HONG KONG, China – Shanghai and Hong Kong stocks climbed into positive territory in extremely volatile trade Thursday while other Asian markets pared early losses after China announced new measures to staunch a mainland rout that has fueled fears about the wider economy.
Shell-shocked traders have been sent scurrying as the crisis in China, which has wiped trillions off of valuations, combine with fears about Greece’s future in the Eurozone.
Commodity prices were also sideswiped, with one analyst saying a ton of iron ore was now cheaper in China than a ton of cabbage.
Shanghai tumbled 3.40 percent at the open before surging almost three percent higher — a six percent swing overall — while Hong Kong lost 0.45 percent soon after opening and then surged more than four percent at one point.
By 0235 GMT Shanghai was up 0.10 percent and Hong Kong added 2.86 percent.
Tokyo was off 0.70 percent — clawing back losses of more than three percent earlier in the day — while Sydney dipped 0.50 percent and Seoul was 0.69 percent lower.
Shanghai has lost more than a third in less than a month as dealers ignore a slew of measures by authorities.
In the latest move the market regulator barred “big” shareholders — defined as those with stakes of more than five percent — and executives of listed companies from selling their shares for the next six months.
However, Mark Mobius, chair of Templeton Emerging Markets Group, said the announcement “suggests desperation” by the country’s leadership.
“It actually creates more fear because it shows that they’ve lost control,” he told Bloomberg News.
Shanghai had risen more than 150 percent in the 12 months to its June 12 peak in a borrowing-fueled frenzy enhanced by hopes for economy-boosting measures by the government.
But analysts said new restrictions on margin trading and concerns about the overvaluation of many stocks have forced mainland investors — mostly individual retail traders — to cash out.
“We’re clearly in the middle of a market panic of some magnitude in China and unfortunately the regulator response has really been quite harmful so far,” Michael Shaoul, chief executive officer at Marketfield Asset Management in New York, told Bloomberg TV.
Iron ore ‘cheaper than cabbage’
On commodities markets the spot price of iron ore, a key export to China, took its biggest one-day hit ever overnight, falling 10 percent to $44.59 a ton — its lowest since May 2009.
“The risk from Chinese equities markets is clearly impacting commodities markets,” IG Markets strategist Evan Lucas said in a note. “The steel price in China is now cheaper per ton than cabbage.”

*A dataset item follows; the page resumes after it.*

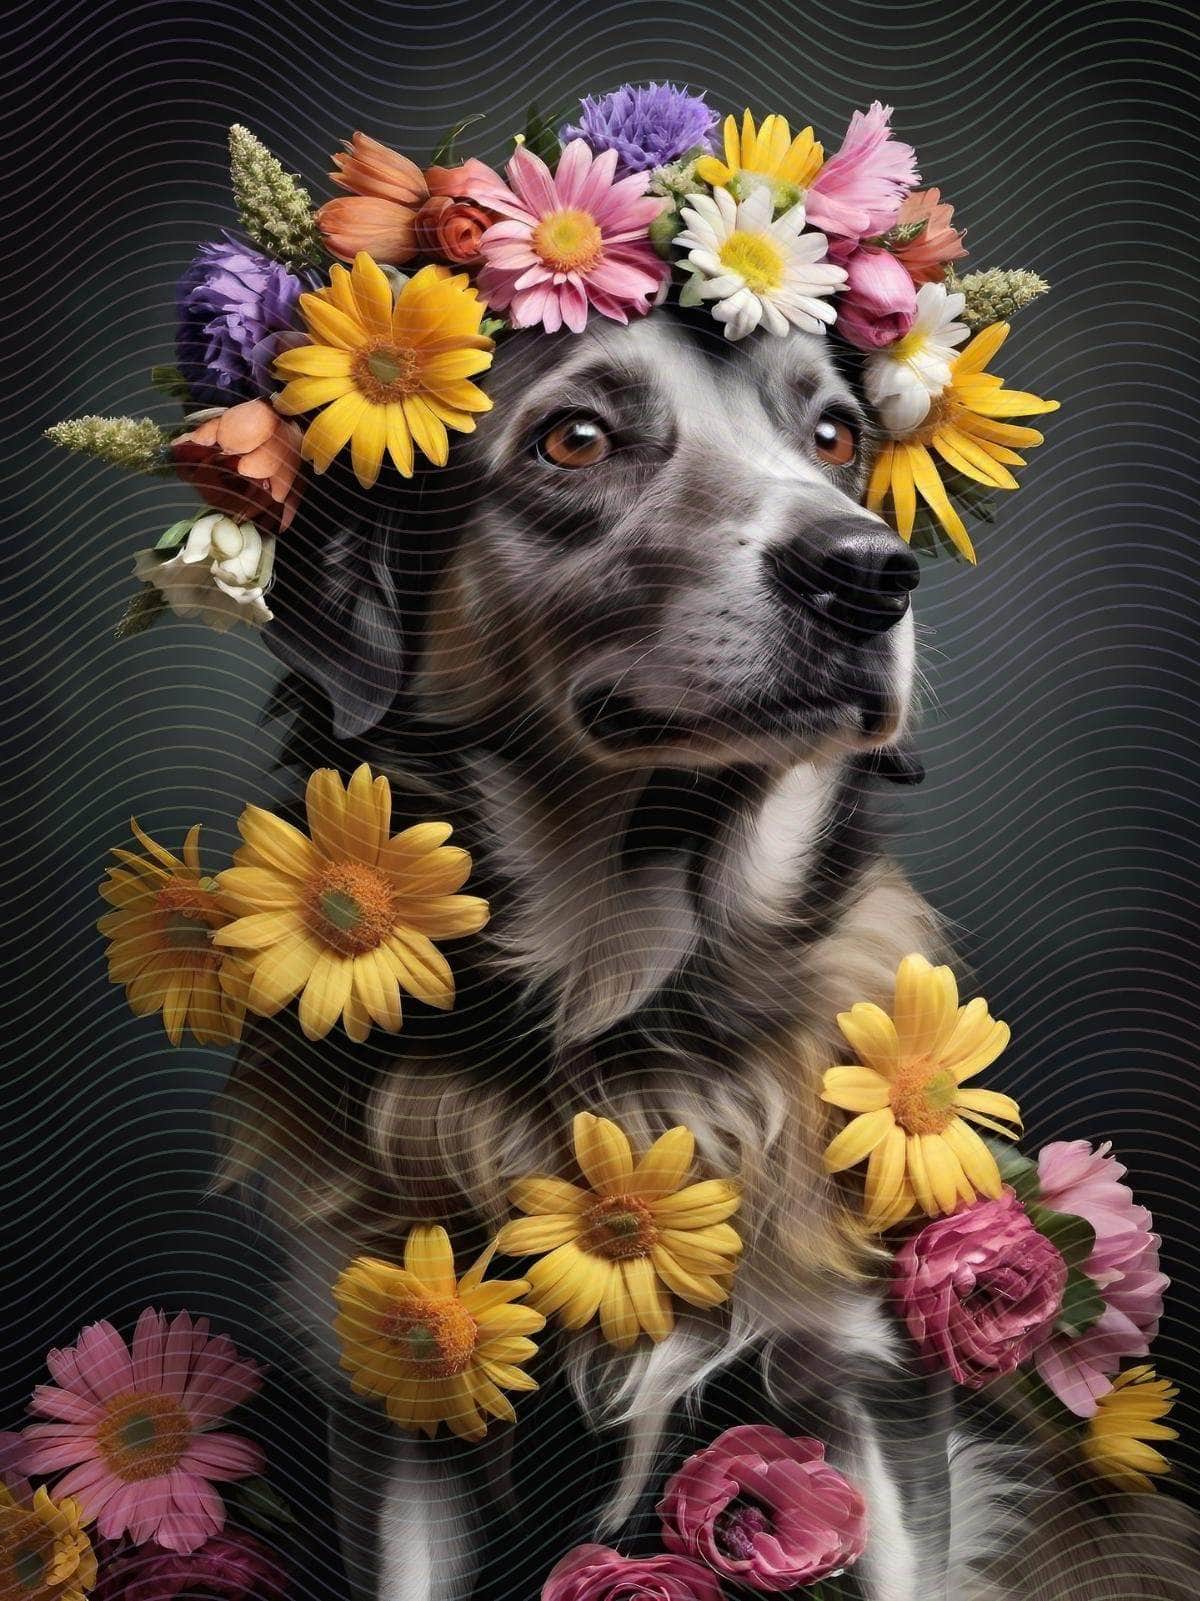 A Dog with a Bunch of Flowers On its Head

While copper jumped as the US dollar slipped, oil prices also eased although they recovered slightly Thursday.
US benchmark West Texas Intermediate for August delivery was up two cents at $51.67 and Brent crude for August rose five cents to $57.10.
Gold fetched $1,156.67 compared with $1,155.39 late Wednesday.
Nervousness among traders sent funds into low-risk investments, pushing the safe-haven yen higher.
The Japanese unit was changing hands at 120.84 to the dollar and 133.72 to the euro Thursday, hardly changed from New York but much stronger than the 122 and 135 ranges seen at the start of the week.
Dealers are also tracking events in Europe after Greece was given a Sunday deadline to come up with a bailout reform plan its creditors find acceptable or face ejection from the Eurozone.
European leaders slapped the ultimatum on Athens after last weekend’s referendum in which Greek voters rejected austerity-packed reforms in return for more cash.
They have warned the country’s leadership that if it does not provide detailed measures, a contingency plan is in place to deal with its removal from the euro area.
European equities brushed off the huge losses in Asia to end higher on hopes for a resolution to the Greek crisis after Prime Minister Alexis Tsipras vowed to present “credible” reform plans.
“European equities (are) positive (which) suggests hope of progress before the weekend deadline,” noted Mike van Dulken, head of research at Accendo Markets.
Frankfurt added 0.66 percent, Paris rose 0.75 percent and London was up 0.91 percent.
In foreign exchange trade Thursday the euro was at $1.1070 against $1.1074 in New York but well up from the levels below $1.1000 earlier Wednesday in Asia.